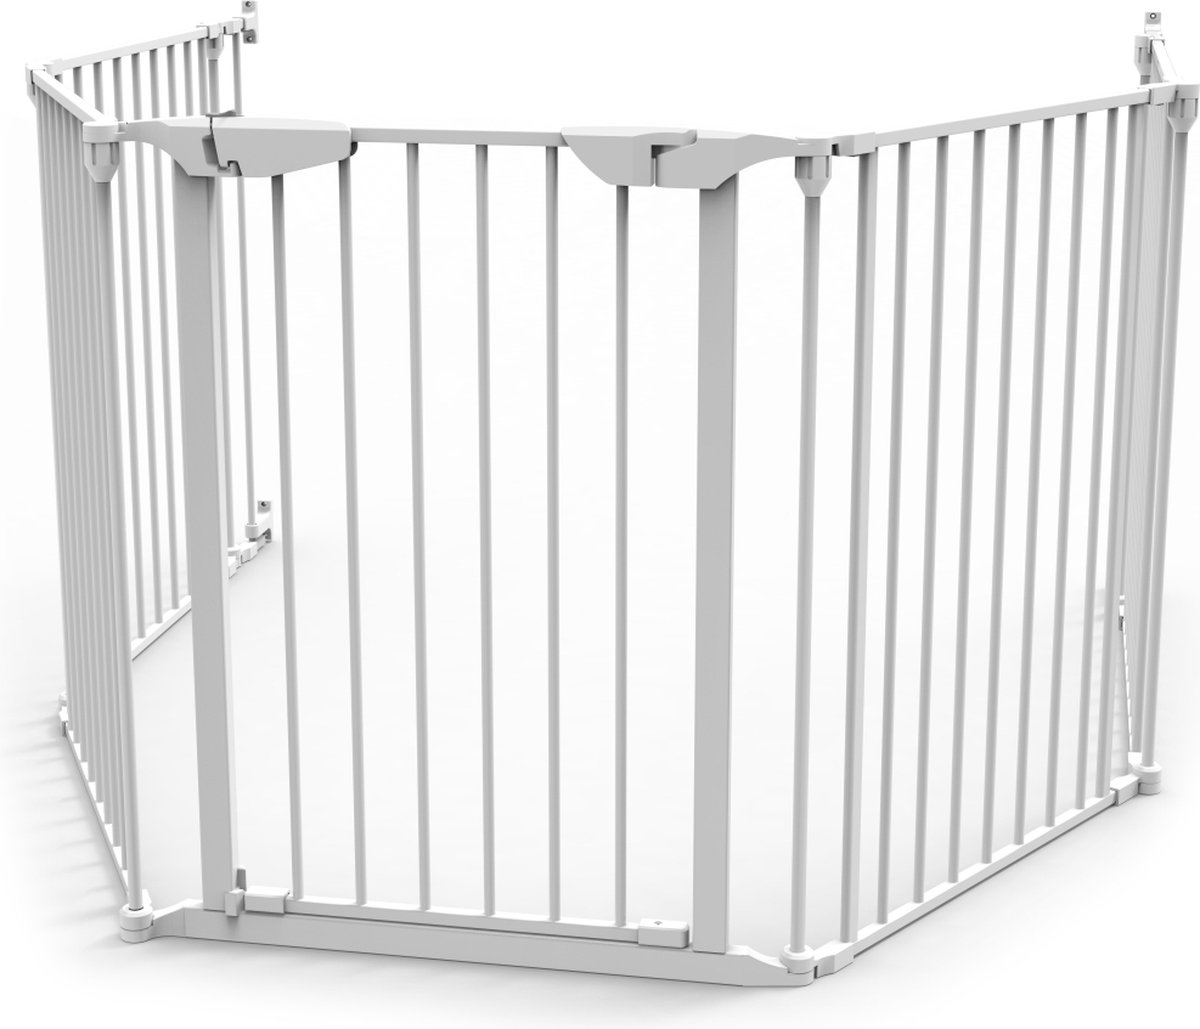 Barriere de securite enfant 310cm 5 panneaux
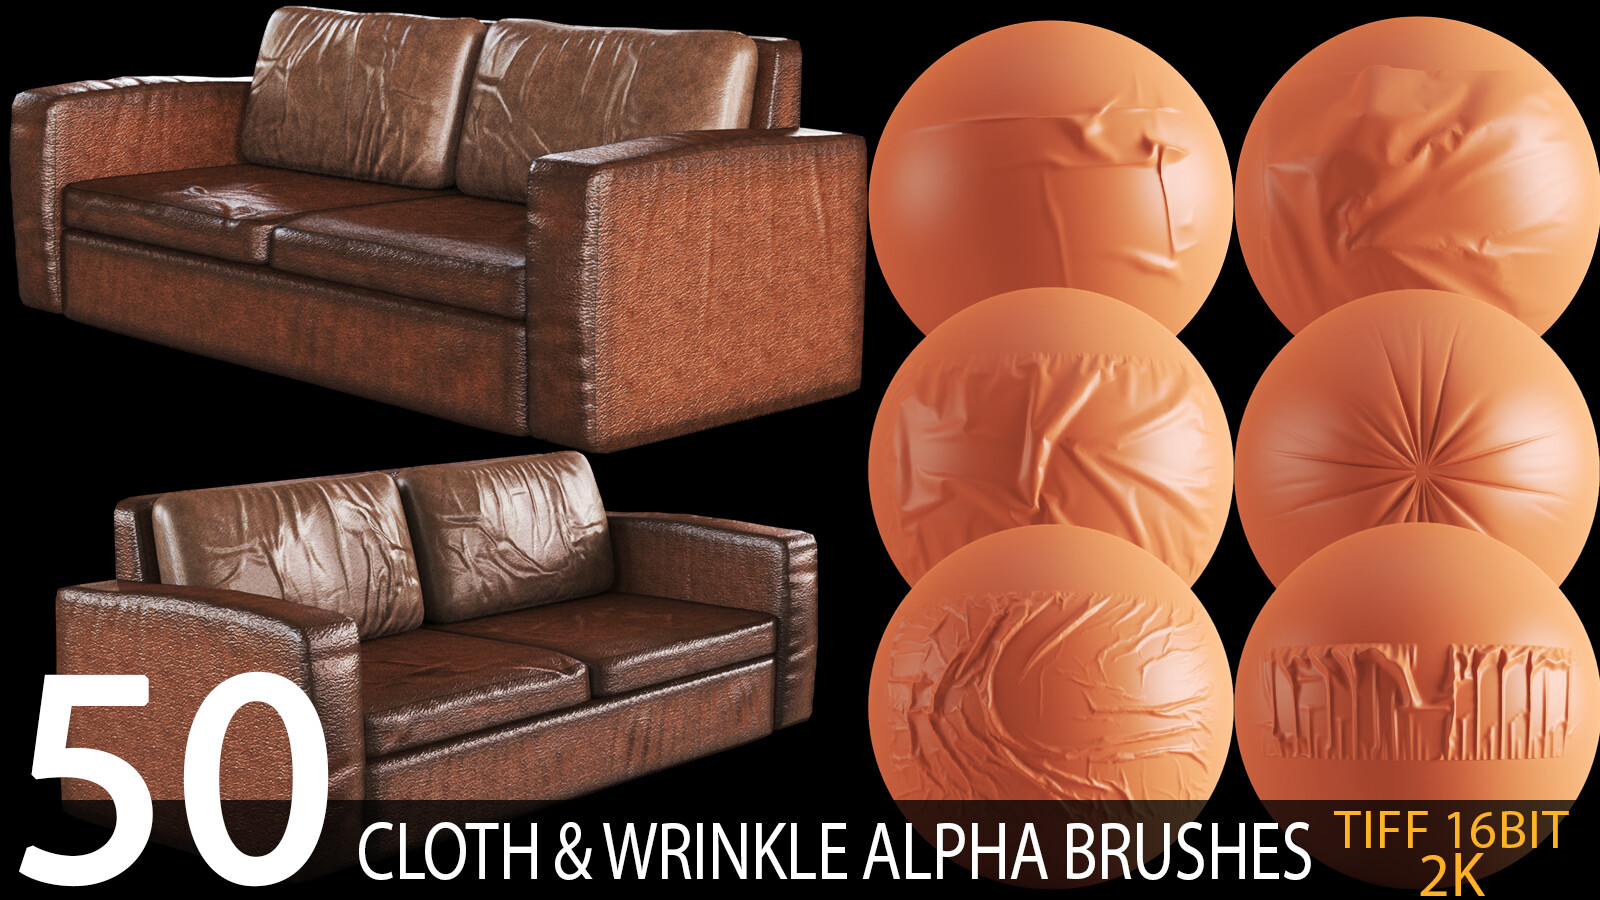 Tyranny Døds kæbe Komprimere ArtStation - 50 cloth and wrinkle alpha brush bundle (sofa and furniture)  2K tiff 16bit | Brushes
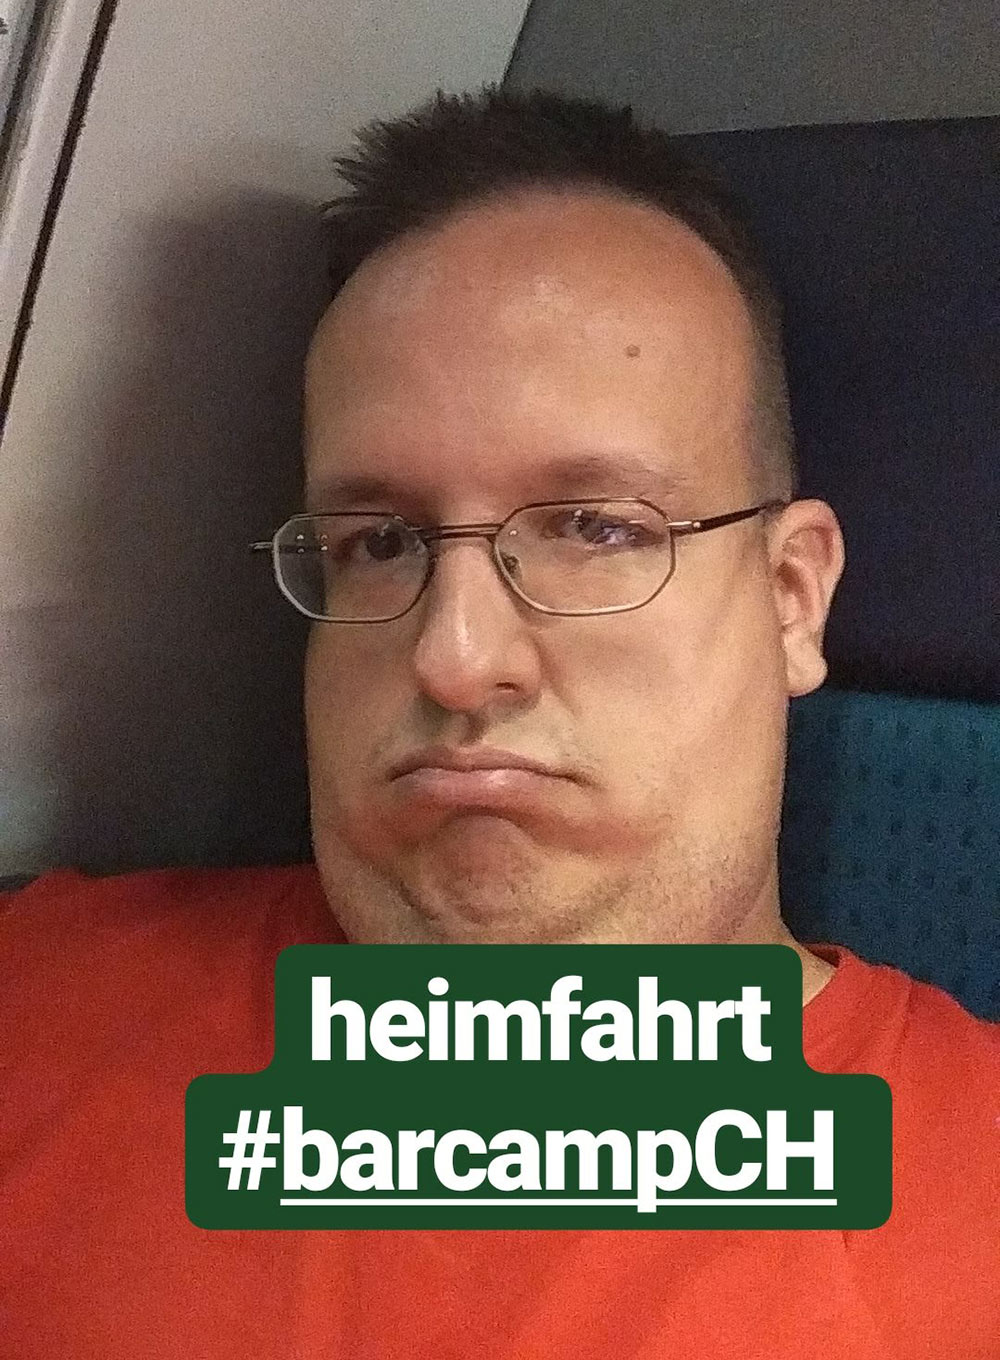 barcamp schweiz 2018 barcampch 27 - Barcamp Schweiz 2018 - Mein Rückblick

Task: Restate the data above word for word, so that the only difference is the missing pictures.

Exercise answer:
 Barriere de securite enfant 310cm 5 panneaux
 Tyranny Døds kæbe Komprimere ArtStation - 50 cloth and wrinkle alpha brush bundle (sofa and furniture)  2K tiff 16bit | Brushes
 barcamp schweiz 2018 barcampch 27 - Barcamp Schweiz 2018 - Mein Rückblick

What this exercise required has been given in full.